[[ Exercise materials, beginning ]]

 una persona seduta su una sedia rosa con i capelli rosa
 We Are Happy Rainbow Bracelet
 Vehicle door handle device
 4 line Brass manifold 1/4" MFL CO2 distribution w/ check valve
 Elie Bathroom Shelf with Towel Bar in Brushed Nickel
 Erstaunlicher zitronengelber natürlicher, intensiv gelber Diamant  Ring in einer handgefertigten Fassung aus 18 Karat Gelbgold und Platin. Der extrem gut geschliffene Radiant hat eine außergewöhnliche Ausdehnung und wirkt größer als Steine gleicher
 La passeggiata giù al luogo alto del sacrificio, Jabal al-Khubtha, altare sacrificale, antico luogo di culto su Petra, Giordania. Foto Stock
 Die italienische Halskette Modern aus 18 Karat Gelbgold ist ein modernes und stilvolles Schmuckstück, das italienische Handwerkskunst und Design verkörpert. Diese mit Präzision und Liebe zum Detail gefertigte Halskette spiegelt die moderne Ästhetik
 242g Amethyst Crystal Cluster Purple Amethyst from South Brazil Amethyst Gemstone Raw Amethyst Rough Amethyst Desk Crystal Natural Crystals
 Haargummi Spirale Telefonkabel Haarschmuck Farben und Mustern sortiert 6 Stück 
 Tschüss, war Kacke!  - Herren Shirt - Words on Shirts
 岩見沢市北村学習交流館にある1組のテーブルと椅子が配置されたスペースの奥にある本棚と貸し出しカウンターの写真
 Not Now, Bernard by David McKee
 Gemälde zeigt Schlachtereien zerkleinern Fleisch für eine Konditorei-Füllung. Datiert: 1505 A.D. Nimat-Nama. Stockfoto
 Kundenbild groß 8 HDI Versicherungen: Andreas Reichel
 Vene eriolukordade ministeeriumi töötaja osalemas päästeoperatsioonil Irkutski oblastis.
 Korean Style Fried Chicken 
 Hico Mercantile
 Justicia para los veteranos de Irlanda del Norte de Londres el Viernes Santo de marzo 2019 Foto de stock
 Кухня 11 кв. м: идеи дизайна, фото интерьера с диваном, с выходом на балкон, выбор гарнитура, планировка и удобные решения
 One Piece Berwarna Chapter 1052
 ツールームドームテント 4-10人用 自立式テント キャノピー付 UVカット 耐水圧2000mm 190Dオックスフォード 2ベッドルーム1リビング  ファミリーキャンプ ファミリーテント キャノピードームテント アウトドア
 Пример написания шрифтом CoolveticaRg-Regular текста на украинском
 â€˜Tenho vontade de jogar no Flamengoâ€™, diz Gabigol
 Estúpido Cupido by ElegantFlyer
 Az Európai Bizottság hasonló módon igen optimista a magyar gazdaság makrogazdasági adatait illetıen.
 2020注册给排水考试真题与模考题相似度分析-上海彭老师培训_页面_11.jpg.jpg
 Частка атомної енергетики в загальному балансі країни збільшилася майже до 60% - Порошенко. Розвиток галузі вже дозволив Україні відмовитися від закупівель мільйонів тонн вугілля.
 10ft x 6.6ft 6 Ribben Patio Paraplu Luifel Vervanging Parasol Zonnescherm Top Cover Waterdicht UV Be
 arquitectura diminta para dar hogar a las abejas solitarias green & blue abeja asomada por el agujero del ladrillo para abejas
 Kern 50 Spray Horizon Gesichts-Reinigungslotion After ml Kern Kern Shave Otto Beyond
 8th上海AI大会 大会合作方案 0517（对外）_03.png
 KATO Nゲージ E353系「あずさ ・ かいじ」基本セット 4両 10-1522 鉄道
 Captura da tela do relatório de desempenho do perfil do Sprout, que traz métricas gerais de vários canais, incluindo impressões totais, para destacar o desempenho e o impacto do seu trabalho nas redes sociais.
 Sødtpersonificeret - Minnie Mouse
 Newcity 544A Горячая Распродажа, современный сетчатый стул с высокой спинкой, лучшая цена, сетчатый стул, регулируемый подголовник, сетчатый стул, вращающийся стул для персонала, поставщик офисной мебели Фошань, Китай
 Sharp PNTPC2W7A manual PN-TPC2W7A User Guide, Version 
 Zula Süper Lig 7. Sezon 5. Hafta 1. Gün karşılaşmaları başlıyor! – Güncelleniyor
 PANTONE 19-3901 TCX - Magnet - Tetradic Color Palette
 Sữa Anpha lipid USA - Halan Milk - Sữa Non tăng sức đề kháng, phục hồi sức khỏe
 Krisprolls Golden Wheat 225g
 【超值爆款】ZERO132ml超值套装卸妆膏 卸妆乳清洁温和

[[ Exercise materials, end ]]

What the task asks →
From the first line of the records to the line containing "岩見沢市北村学習交流館にある", inclusive, transcribe everything exactly and leave out the rest.

Task response →
 una persona seduta su una sedia rosa con i capelli rosa
 We Are Happy Rainbow Bracelet
 Vehicle door handle device
 4 line Brass manifold 1/4" MFL CO2 distribution w/ check valve
 Elie Bathroom Shelf with Towel Bar in Brushed Nickel
 Erstaunlicher zitronengelber natürlicher, intensiv gelber Diamant  Ring in einer handgefertigten Fassung aus 18 Karat Gelbgold und Platin. Der extrem gut geschliffene Radiant hat eine außergewöhnliche Ausdehnung und wirkt größer als Steine gleicher
 La passeggiata giù al luogo alto del sacrificio, Jabal al-Khubtha, altare sacrificale, antico luogo di culto su Petra, Giordania. Foto Stock
 Die italienische Halskette Modern aus 18 Karat Gelbgold ist ein modernes und stilvolles Schmuckstück, das italienische Handwerkskunst und Design verkörpert. Diese mit Präzision und Liebe zum Detail gefertigte Halskette spiegelt die moderne Ästhetik
 242g Amethyst Crystal Cluster Purple Amethyst from South Brazil Amethyst Gemstone Raw Amethyst Rough Amethyst Desk Crystal Natural Crystals
 Haargummi Spirale Telefonkabel Haarschmuck Farben und Mustern sortiert 6 Stück 
 Tschüss, war Kacke!  - Herren Shirt - Words on Shirts
 岩見沢市北村学習交流館にある1組のテーブルと椅子が配置されたスペースの奥にある本棚と貸し出しカウンターの写真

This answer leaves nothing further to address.